44 | * **path_dev** - Path to the development data, used for choosing the best epoch.
45 | * **path_test** - Path to the test file. Can contain multiple files, colon separated.
46 | * **main_label** - The output label for which precision/recall/F-measure are calculated.
47 | * **conll_eval** - Whether the standard CoNLL NER evaluation should be run.
48 | * **preload_vectors** - Path to the pretrained word embeddings, in word2vec plain text format. If your embeddings are in binary, you can use [convertvec](https://github.com/marekrei/convertvec) to convert them to plain text.
49 | * **word_embedding_size** - Size of the word embeddings used in the model.
50 | * **char_embedding_size** - Size of the character embeddings.
51 | * **word_recurrent_size** - Size of the word-level LSTM hidden layers.
52 | * **char_recurrent_size** - Size of the char-level LSTM hidden layers.
53 | * **narrow_layer_size** - Size of the extra hidden layer on top of the bi-LSTM.
54 | * **best_model_selector** - What is measured on the dev set for model selection: "dev_conll_f:high" for NER and chunking, "dev_acc:high" for POS-tagging, "dev_f05:high" for error detection.
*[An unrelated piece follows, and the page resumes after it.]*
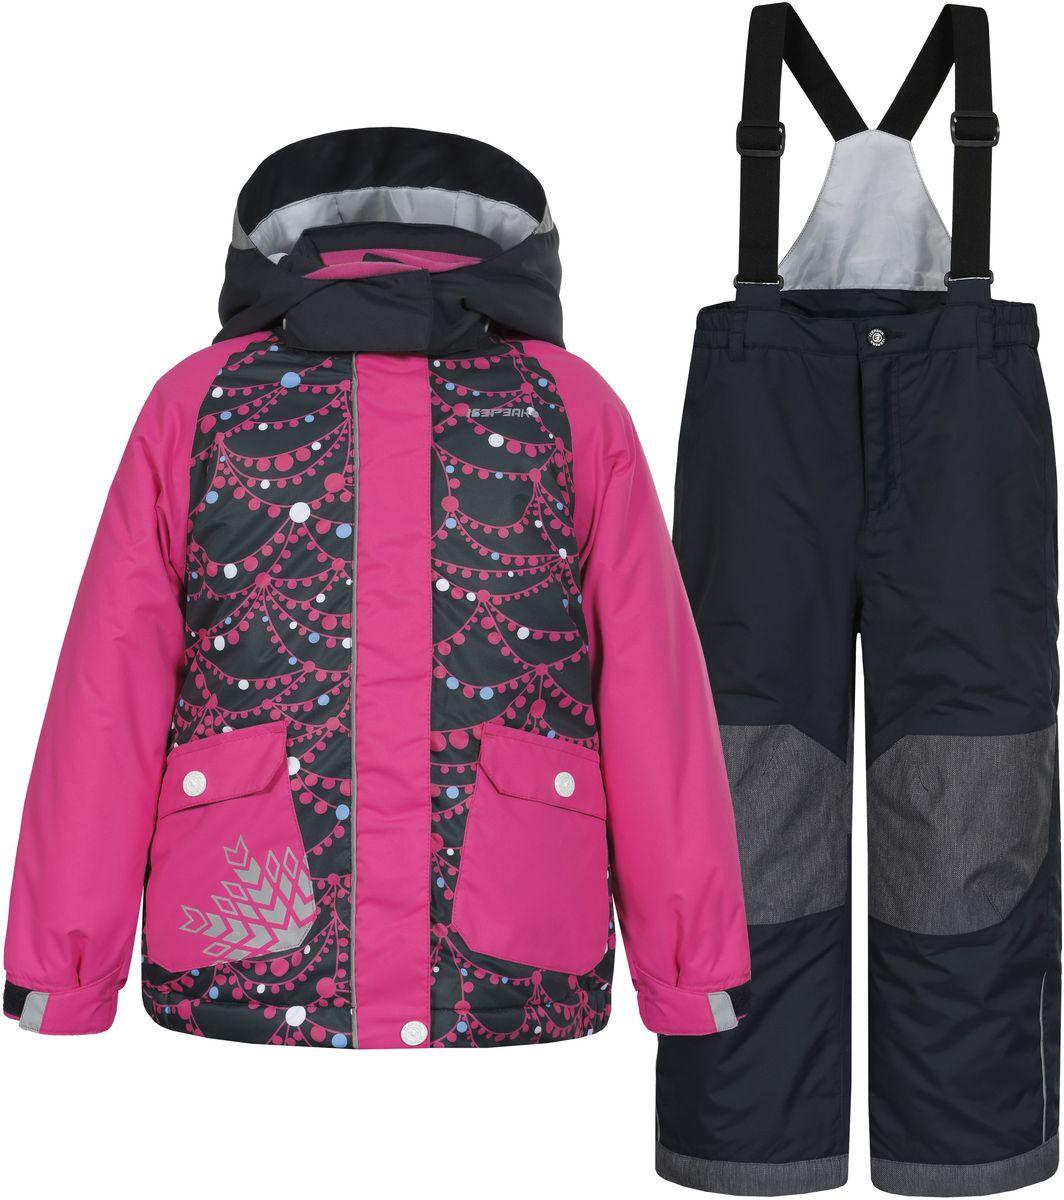 Комплект для девочки Icepeak Jody Kd: куртка, брюки, цвет: розовый, темно-синий. 652102502IV. Размер 110652102502IV_390Комплект для девочки Icepeak Jody Kd выполнен из 100% полиэстера и состоит из куртки и брюк. В качестве подкладки и утеплителя также используется 100% полиэстер. Ткань изготовлена с применением технологии ICEMAX, с водонепроницаемой и воздухопроницаемой мембраной 5000мм/2000 г/м2 /24 ч, которая защищает от ветра и влаги даже в экстремальных условиях. Брюки застегиваются на молнию и пуговицу. Подкладка брюк выполнена из гладкой ткани. Изделие дополнено эластичными наплечными лямками, регулируемыми по длине. На талии по бокам предусмотрена широкая эластичная резинка. Снизу брючин предусмотрены муфты с прорезиненными полосками, препятствующие попаданию снега в обувь и не дающие брючинам задираться вверх. Куртка со съемным капюшоном и воротником-стойкой застегивается на пластиковую застежку-молнию с защитой для подбородка и дополнительно имеет ветрозащитную планку на липучках и кнопках. Капюшон пристегивается при помощи кнопок. Манжеты рукавов дополнены эластичными резинками и регулируются по ширине за счет хлястиков с липучками. Спереди модель дополнена двумя накладными карманами на застежках-кнопках. Комплект оснащен светоотражающими элементами.

55 | * **epochs** - Maximum number of epochs to run.
56 | * **stop_if_no_improvement_for_epochs** - Training will be stopped if there has been no improvement for n epochs.
57 | * **learningrate** - Learning rate.
58 | * **min_word_freq** - Minimal frequency of words to be included in the vocabulary. Others will be considered OOV.
59 | * **max_batch_size** - Maximum batch size.
60 | * **save** - Path to save the model.
61 | * **load** - Path to load the model.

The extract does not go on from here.